FAQ Sparks Doubts on BAB Make-Whole Call

The Internal Revenue Service’s attempt to provide answers to frequently asked questions about Build America Bonds led to even more questions last week, as bond attorneys worried that one of the answers appeared to ban any premium on BABs sold with “make-whole calls.”

These calls, which are commonplace in the taxable market where BABs are sold, make the bonds redeemable at any time.

But a chief attorney with the IRS downplayed the concerns, saying at a meeting with bond lawyers late last week that the FAQs should not be viewed as published legal guidance from the Treasury Department.

The two sets of IRS FAQs — one on BABs and similar recovery zone economic development bonds, and another on the filing requirements for those programs — were published on the agency’s Web site Friday. The documents, each of which were seven pages, attempt to answer a number of basic questions surrounding the programs and their requirements, such as the purposes for which BABs can be issued, who can issue them, and when certain forms need to be filed.

However, bond attorneys began to scratch their heads after reading an answer intended to explain a special rule stating that BABs cannot be sold with more than a de minimis amount of premium.

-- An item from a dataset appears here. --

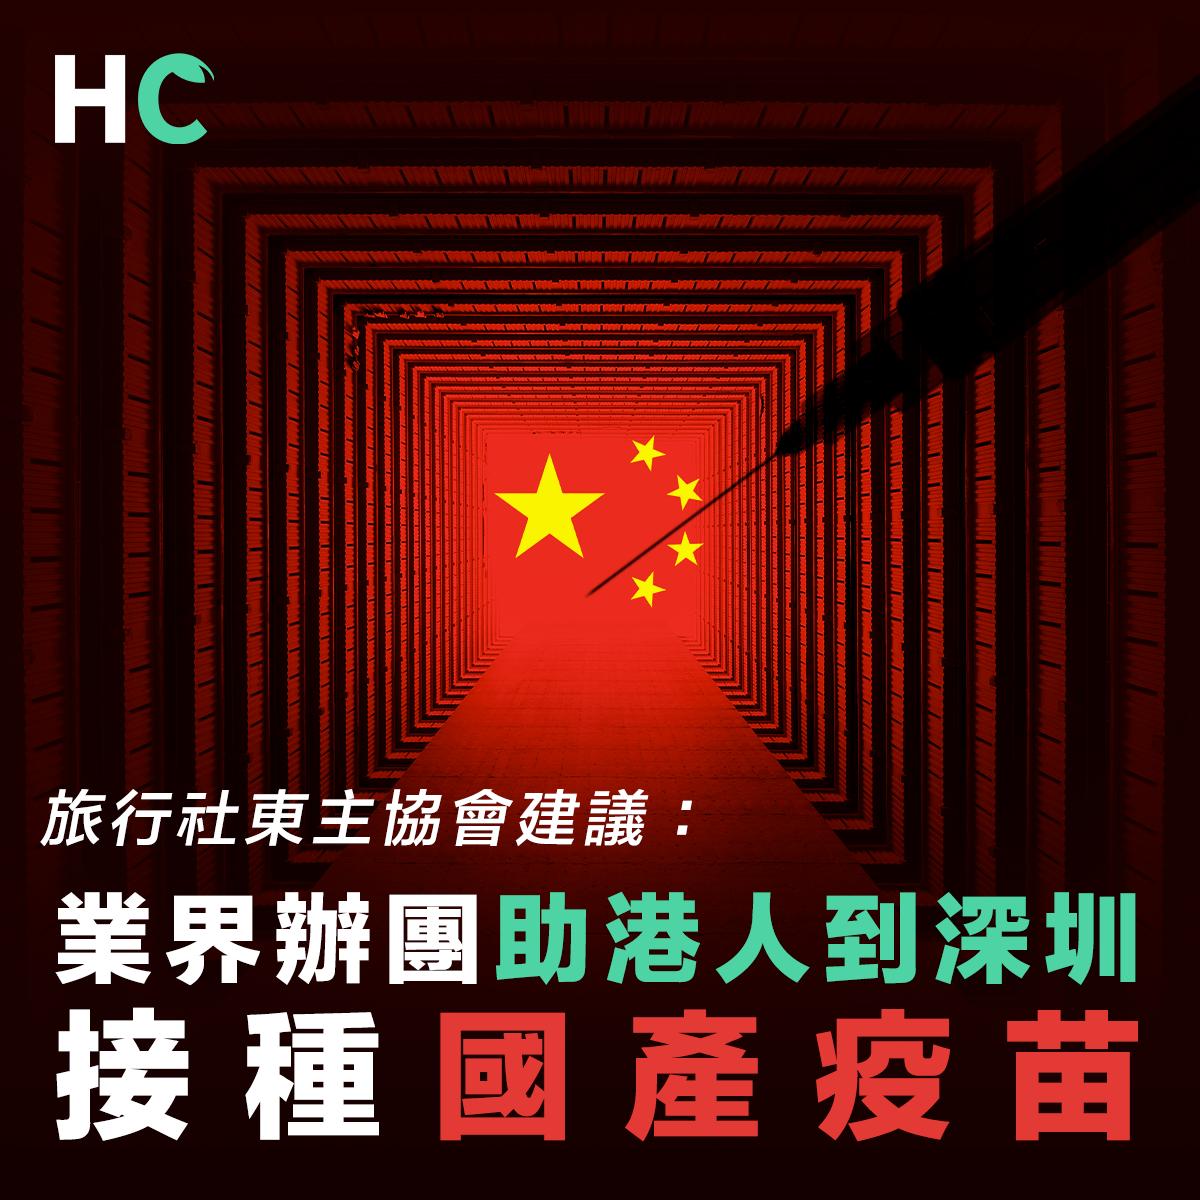 旅行社東主協會建議:助港人到深圳接種國產疫苗
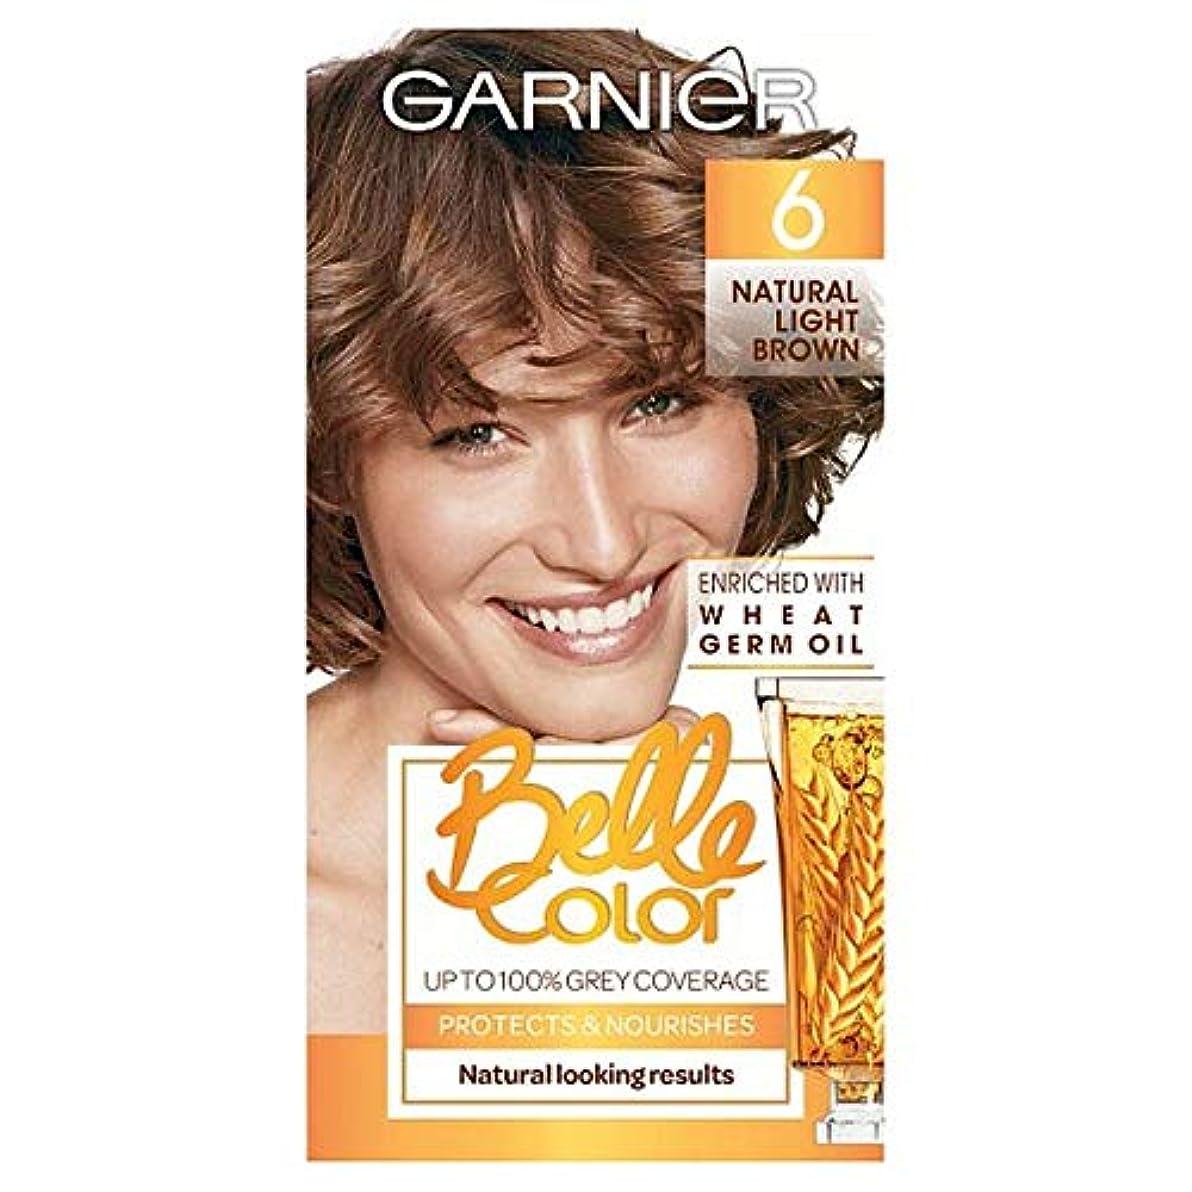 スキームタンパク質自転車[Belle Color ] ガーン/ベル/Clr 6ナチュラルライトブラウンパーマネントヘアダイ - Garn/Bel/Clr 6 Natural Light Brown Permanent Hair Dye [並行輸入品]

The IRS stated that BABs may be issued at par plus a de minimis amount of premium. It added that, according to the tax code, de minimis constitutes “an amount that is not greater than 1/4 of 1% of the stated redemption price at maturity for the bond, multiplied by the number of complete years to the earlier of the maturity date for the bonds or the first optional redemption date for the bond, if applicable.”

Several bond attorneys gathered in California last week for the National Association of Bond Lawyers’ Tax and Securities Law Institute read the final phrase of that sentence as an effective prohibition on premium for BABs including a make-whole call.

The IRS document said de minimis is determined by multiplying a fraction of the redemption price at maturity by the number of years to the maturity date or first optional redemption date, whichever comes first. But because make-whole calls make bonds redeemable immediately, the document appears to state that de minimis premium for BABs with make-whole calls would have to be zero.

In response to questions about the phrasing, James Polfer, chief of the IRS’ tax-exempt bond branch in the associate chief counsel’s office, said the document should not be read as having any legal authority.

“They’re not precedent, they’re not guidance,” he said during a panel discussion of the FAQs. “I would be hesitant to read too much into the legal authority about these.”

He went on to say the documents were intended for a much broader audience than the tax law specialists gathered in the room.

“Obviously the people in this room represent the most sophisticated in this area, and this was meant to address a much broader audience, and to a certain extent stem the avalanche of calls we’ve received about these provisions,” he said. “It’s not really designed to undergo the level of scrutiny that individuals such as yourselves place upon them.”

The Treasury Department hopes to release additional interpretive guidance on BABs before the end of June, according to its priority guidance plan.